Same as GEN&SEX 157B |
| AFAM 152 | AFRICAN AMER POLTCS | STAFF | Examines politics of African Americans in order to gain a broader perspective of the American political process. Major developments in African American politics (including the civil rights movement, Black presidential bids), continuing problem of racism, responsiveness of key governing institutions.
Same as POL SCI 124E |
| AFAM 154 | HIP HOP CULTURE | DAULATZAI, S | With Nas’s landmark 1994 album Illmatic as our guide, this course will utilize film, video, documentary and music to explore the ways in which hip-hop culture has become a powerful tool to probe the larger American landscape. In doing so, we will use Illmatic as a lens to better understand hip-hop and not only the history that made it, but also the history that it made. So that while this course is about exploring hip-hop through Illmatic, it’s also about exploring America through Illmatic, offering us the possibility to explore the fertile ground and volatile minefield that surround it: the post-Civil Rights and Black Power era, the shifting sands of race and the emergence of the global economy, the guerilla artistry around media so central to hip-hop, the changing marketplace and hypercommodification of the culture, questions around gender and sexuality, art and aesthetics, and also hip-hop’s enduring ability to speak truth to power. This course is open to all students. Please contact Prof.

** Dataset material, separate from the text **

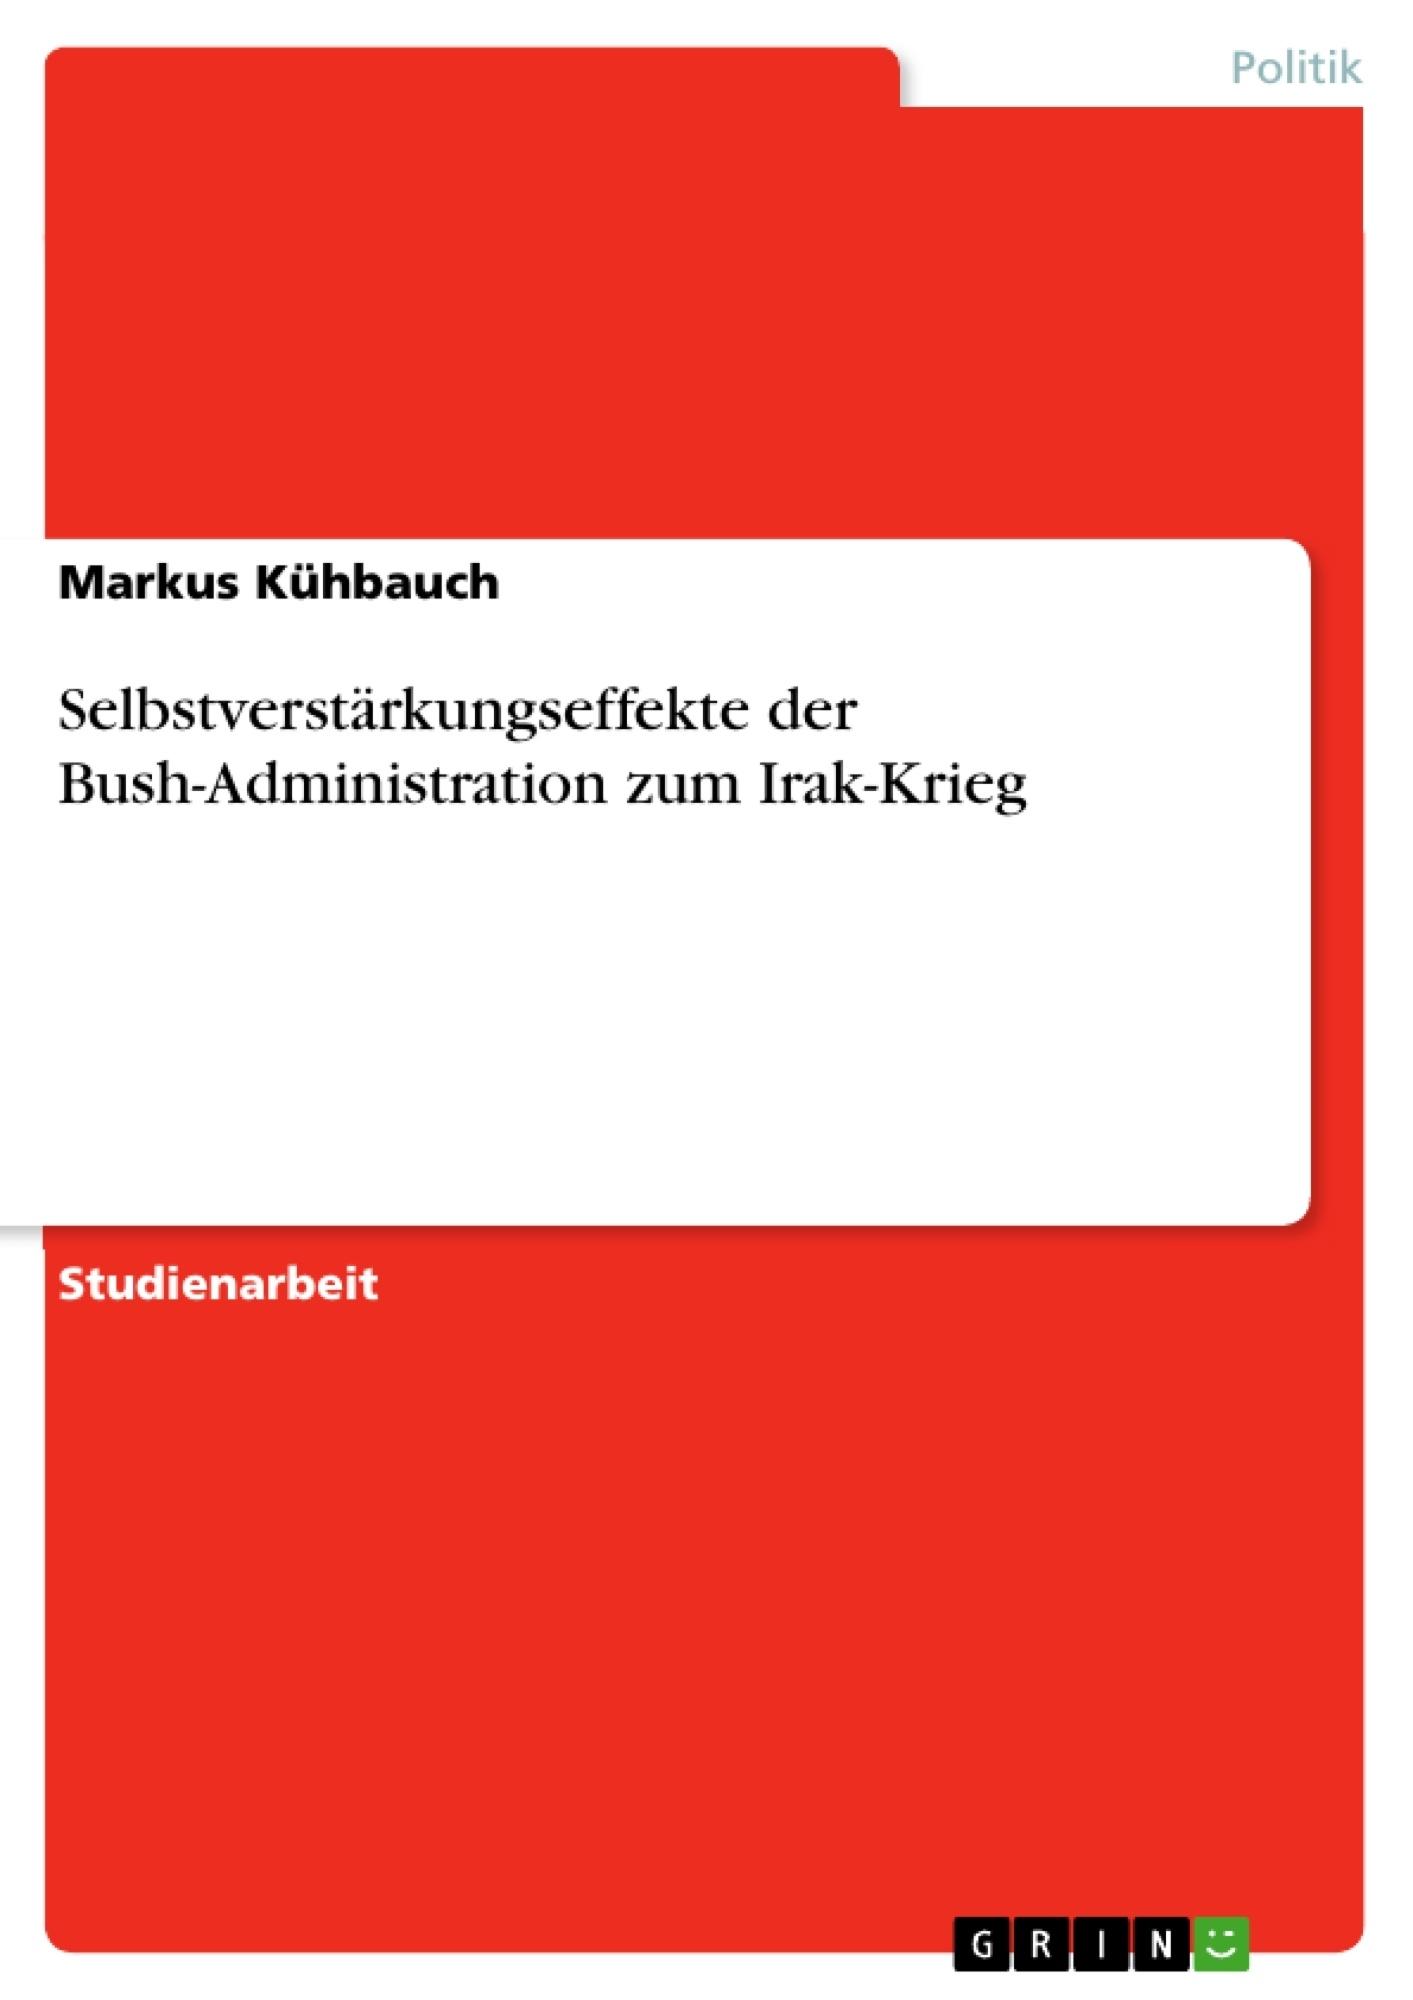 Titel: Selbstverstärkungseffekte der Bush-Administration zum Irak-Krieg
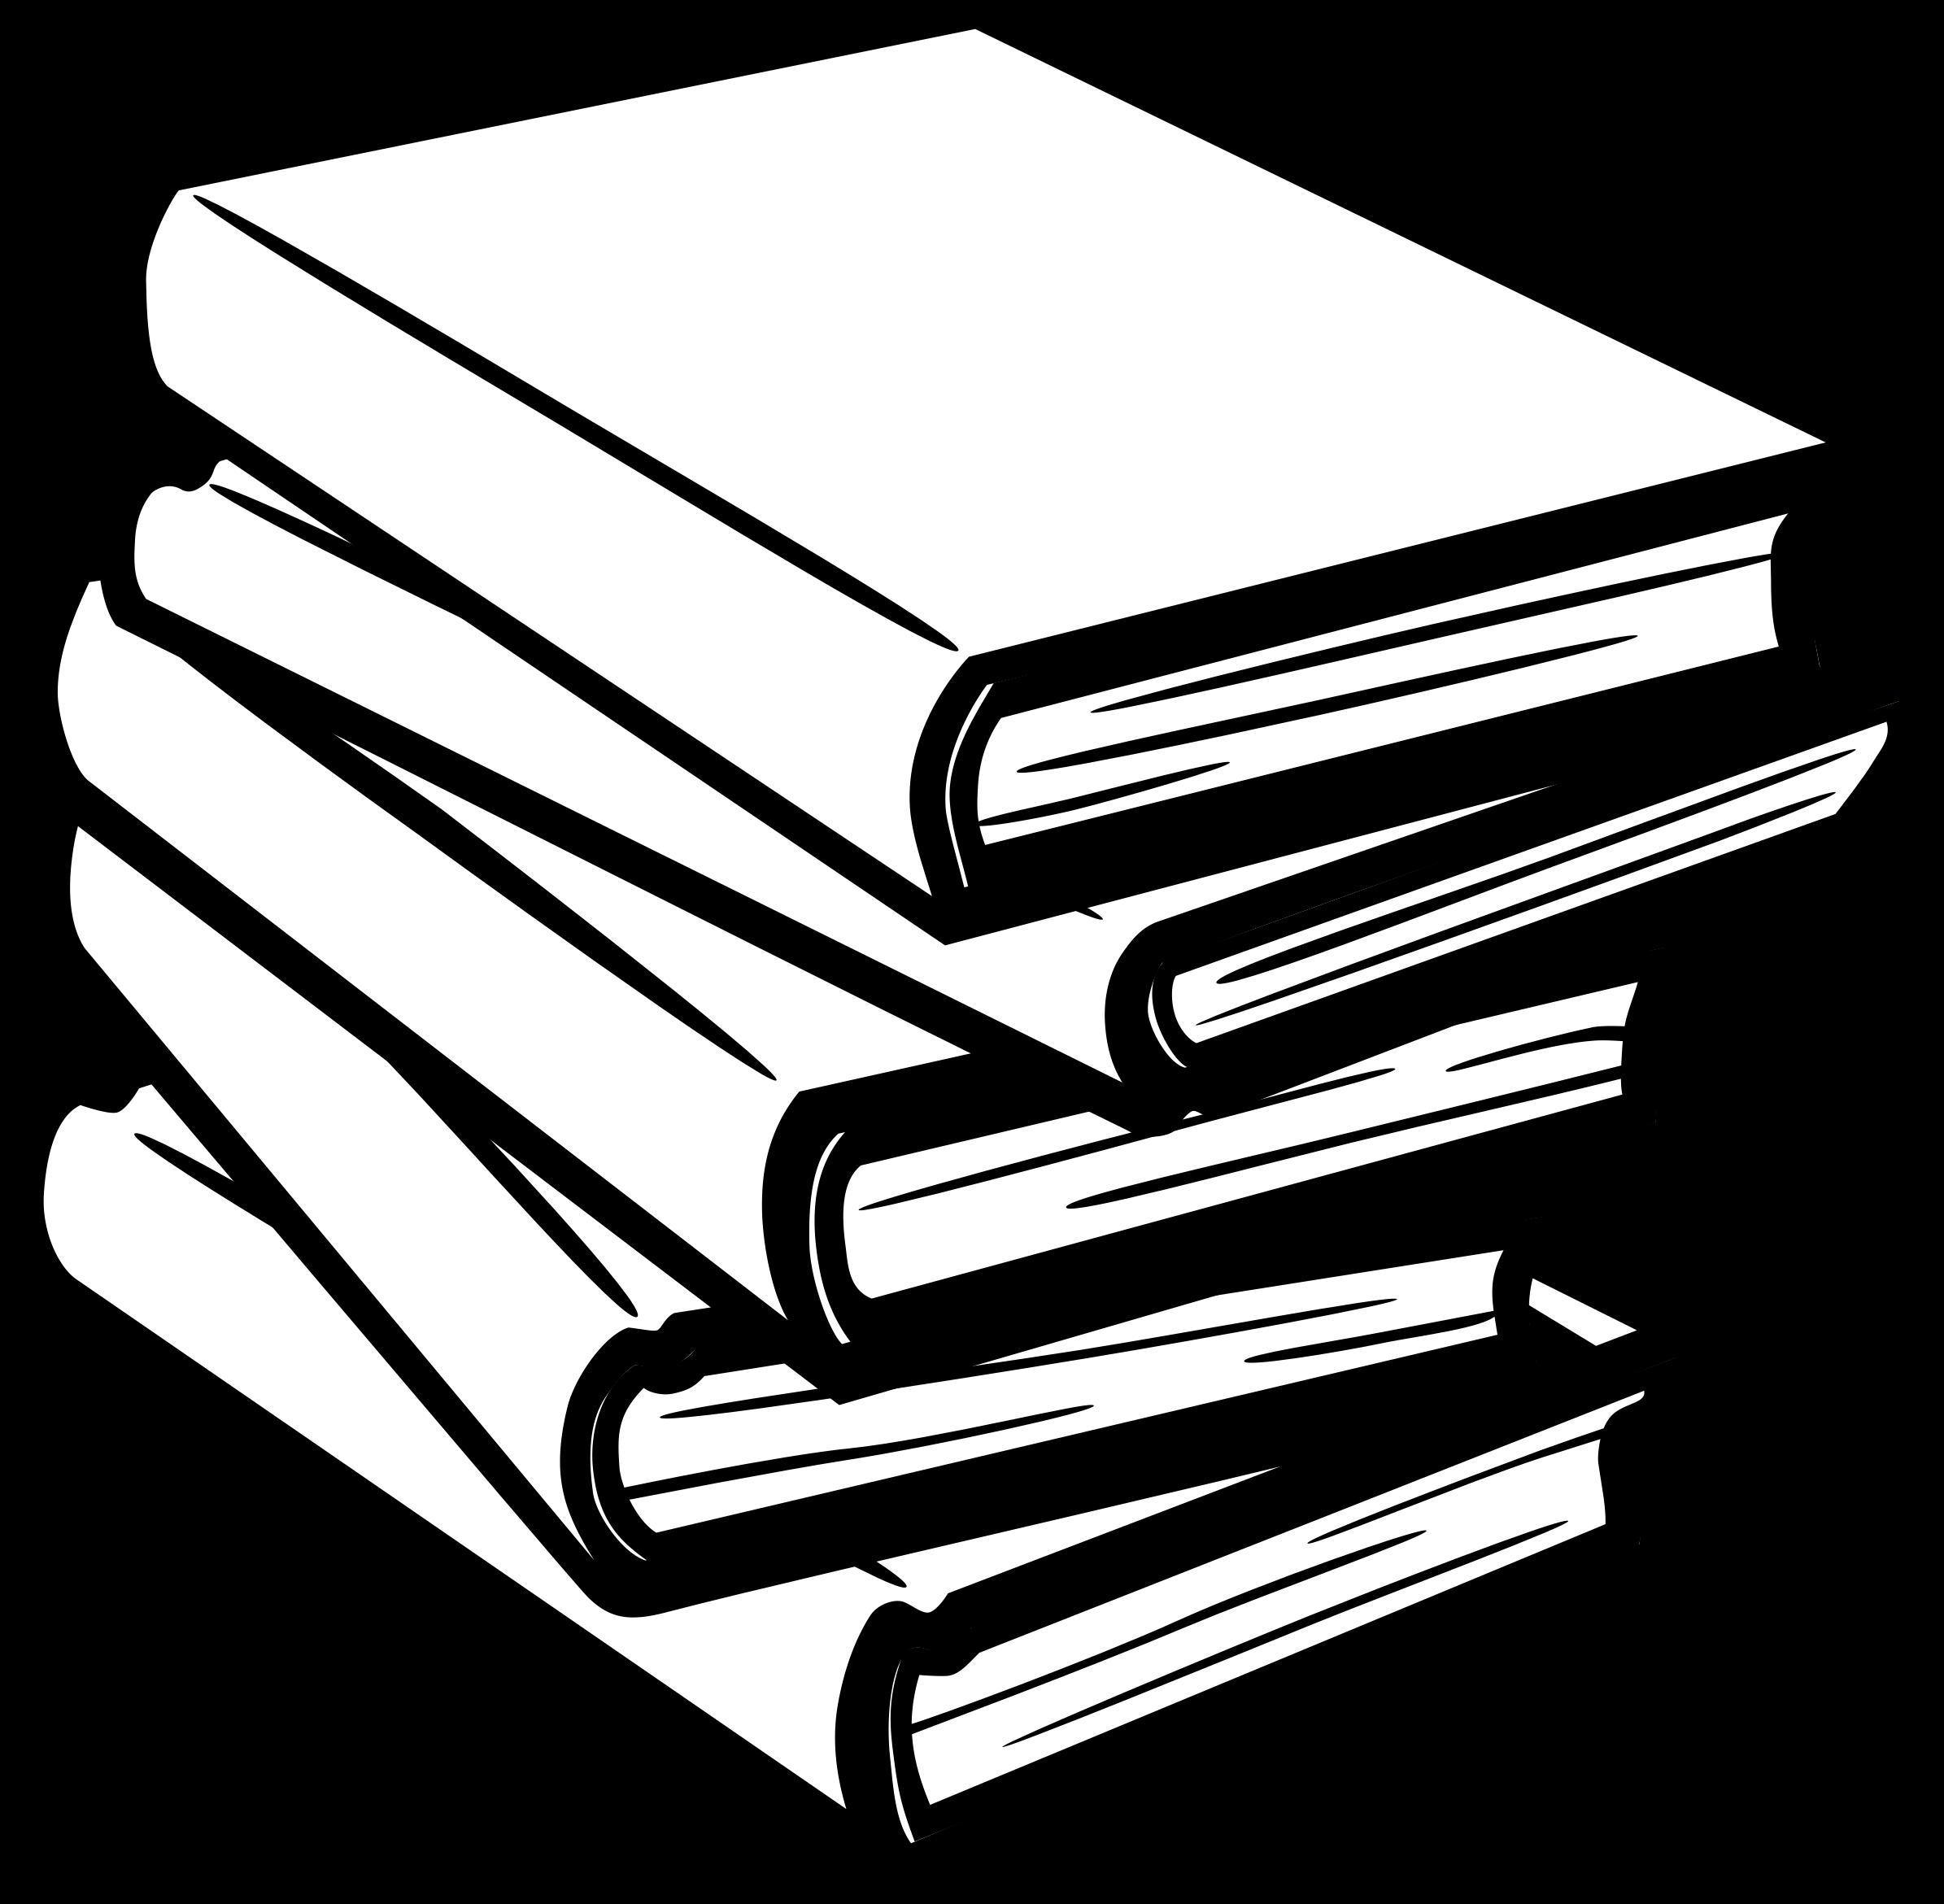 Book Wallpaper Art Bookroomredfarrowandball Bookimagescartoon Book Shelf Modern Book Clip Art Stack Of Books Clip Art

Daulatzai at sdaulatz@uci.edu for an authorization code for this course.
Same as FLM&MDA 112 |
| AFAM 154 | BLACK NATIONALISM | JAMES, W | The course investigates the roots and explores the main currents and expressions of black nationalism and Pan-Africanism in the US and wider Atlantic world. Beginning with the challenge of the Haitian Revolution, the course chronologically explores black dreams of emancipation as expressed in the writings and political exertions of the movement’s main protagonists, such as David Walker, John Brown Russwurm, Martin Delaney, Robert Campbell, Edward Wilmot Blyden in the nineteenth century, through to Marcus Garvey, Amy Jacques Garvey, George Padmore, Kwame Nkrumah, and Malcom X and the Nation of Islam in the twentieth century. The course documents the various ideological strands of the movement, making note of their similarities and differences, their achievements and failings.